> _Available data_:
----------
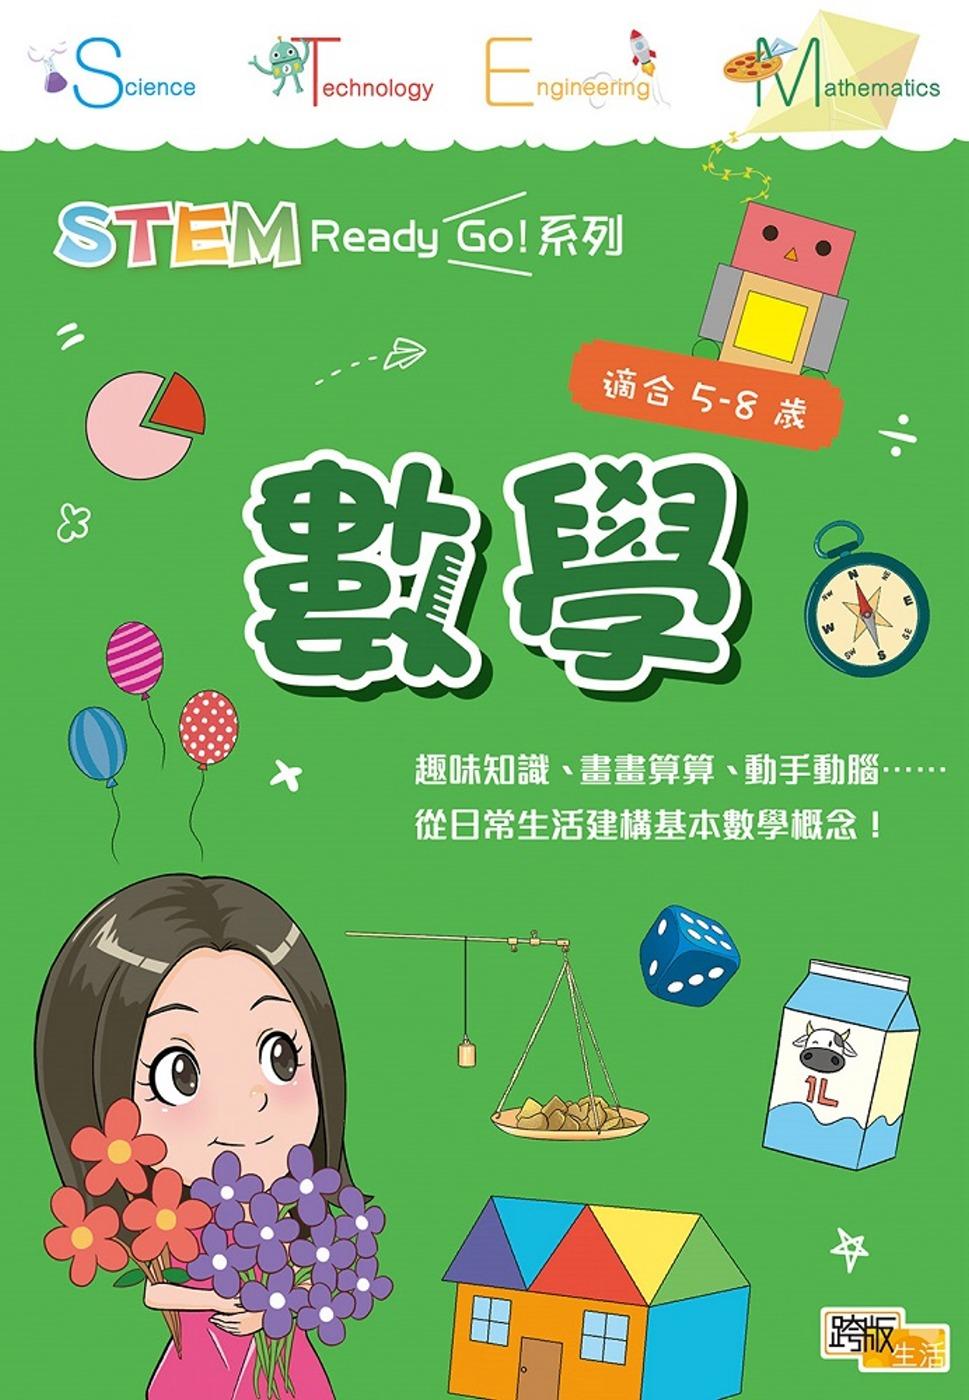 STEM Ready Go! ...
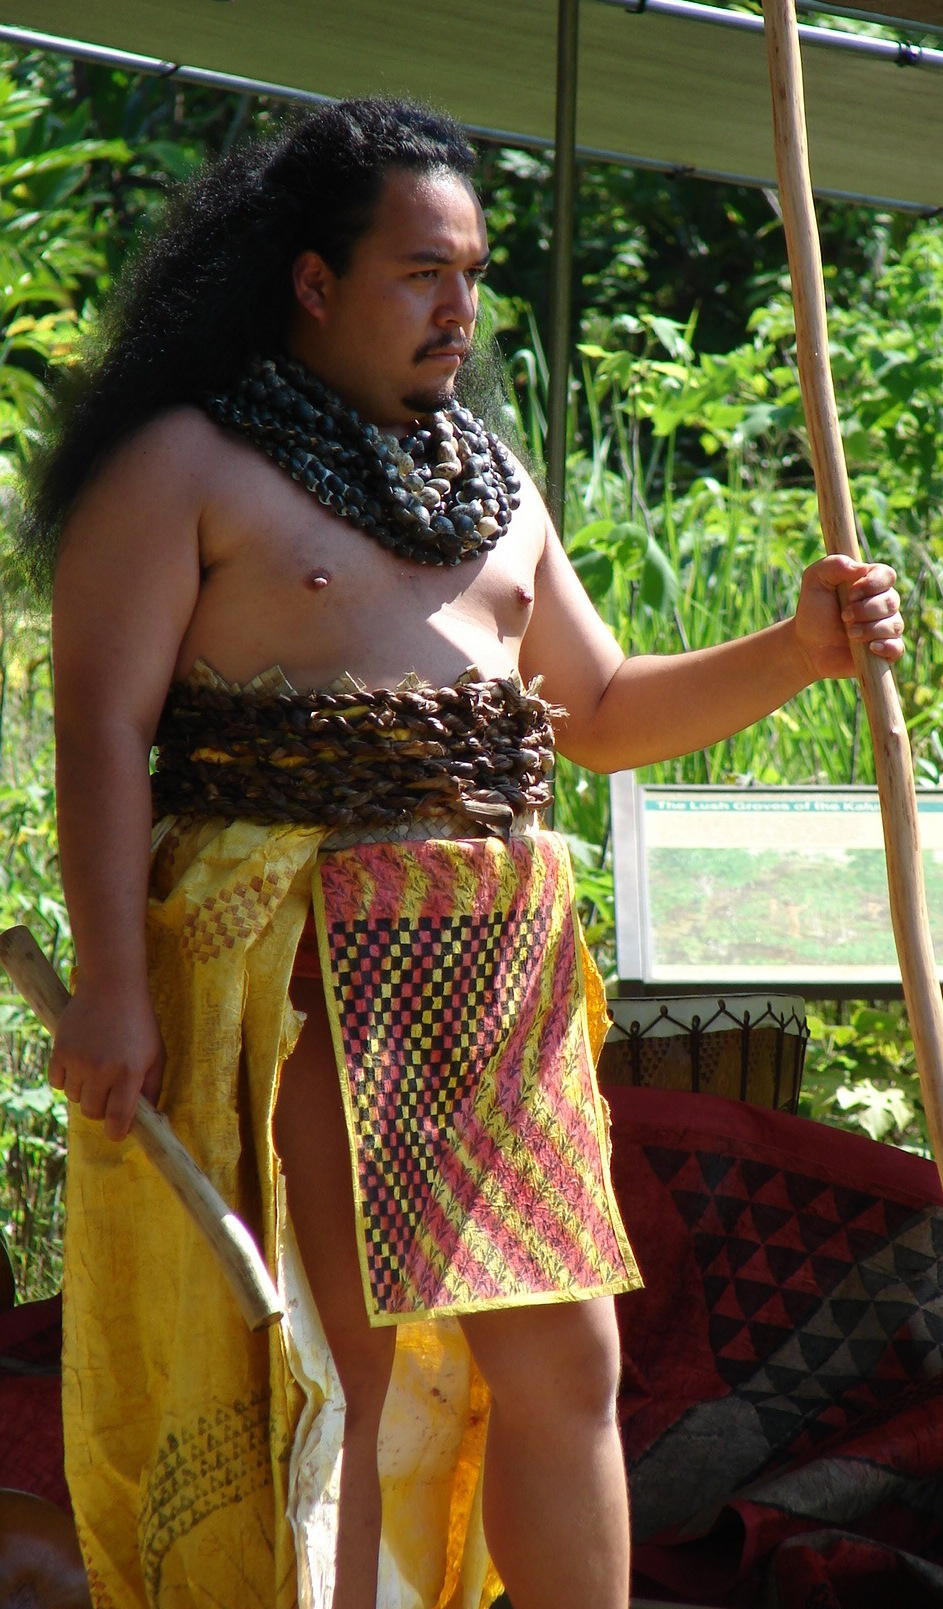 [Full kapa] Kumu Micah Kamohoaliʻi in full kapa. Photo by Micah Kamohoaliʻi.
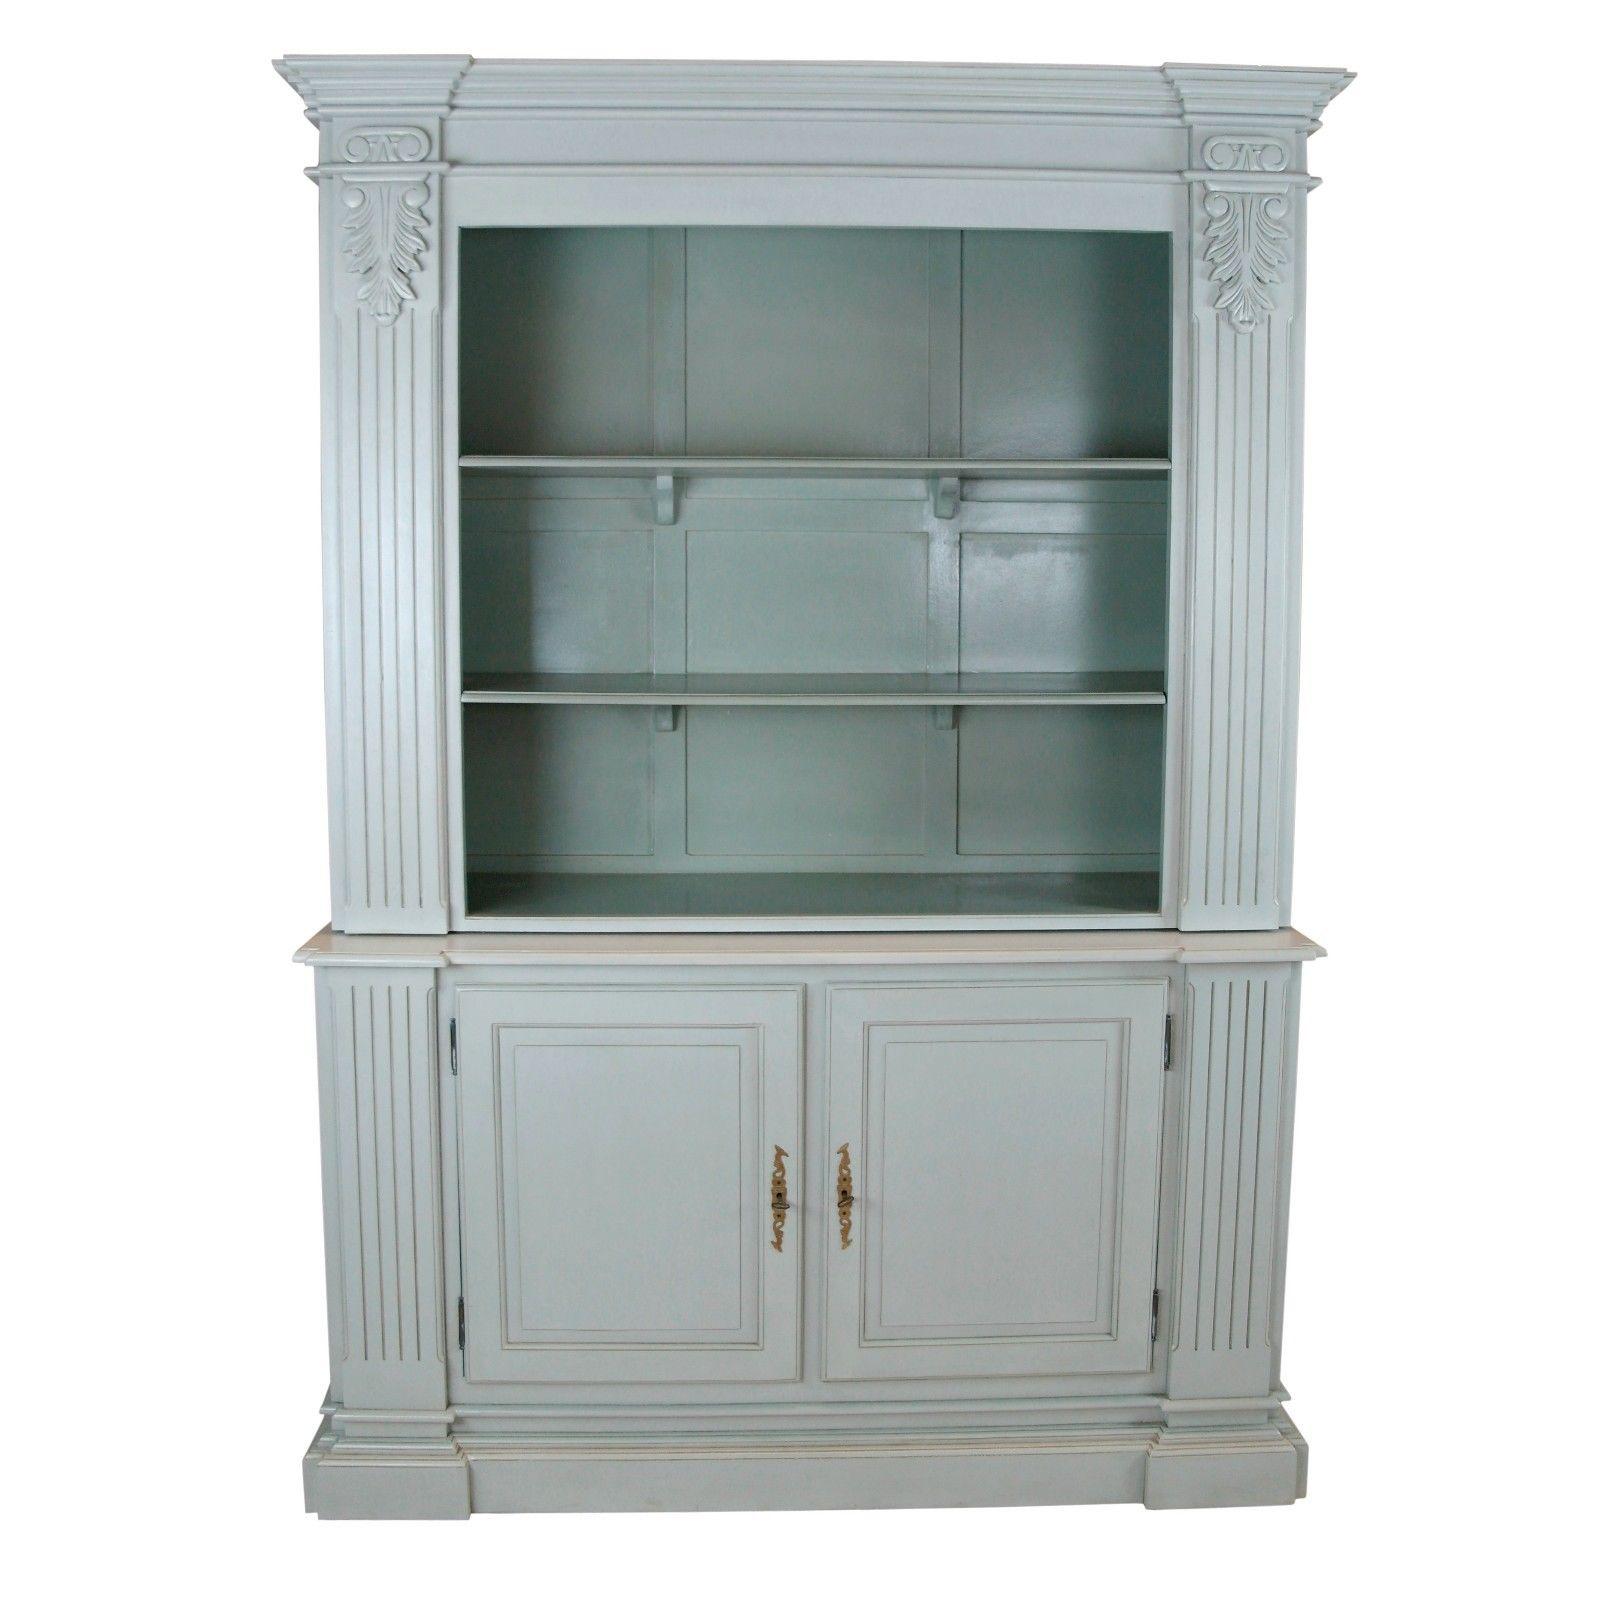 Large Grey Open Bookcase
----------
> _Aim of the exercise_: Recreate the listing above word for word, dropping each picture it contains.

> _Answer section_:
 STEM Ready Go! ...
 [Full kapa] Kumu Micah Kamohoaliʻi in full kapa. Photo by Micah Kamohoaliʻi.
 Large Grey Open Bookcase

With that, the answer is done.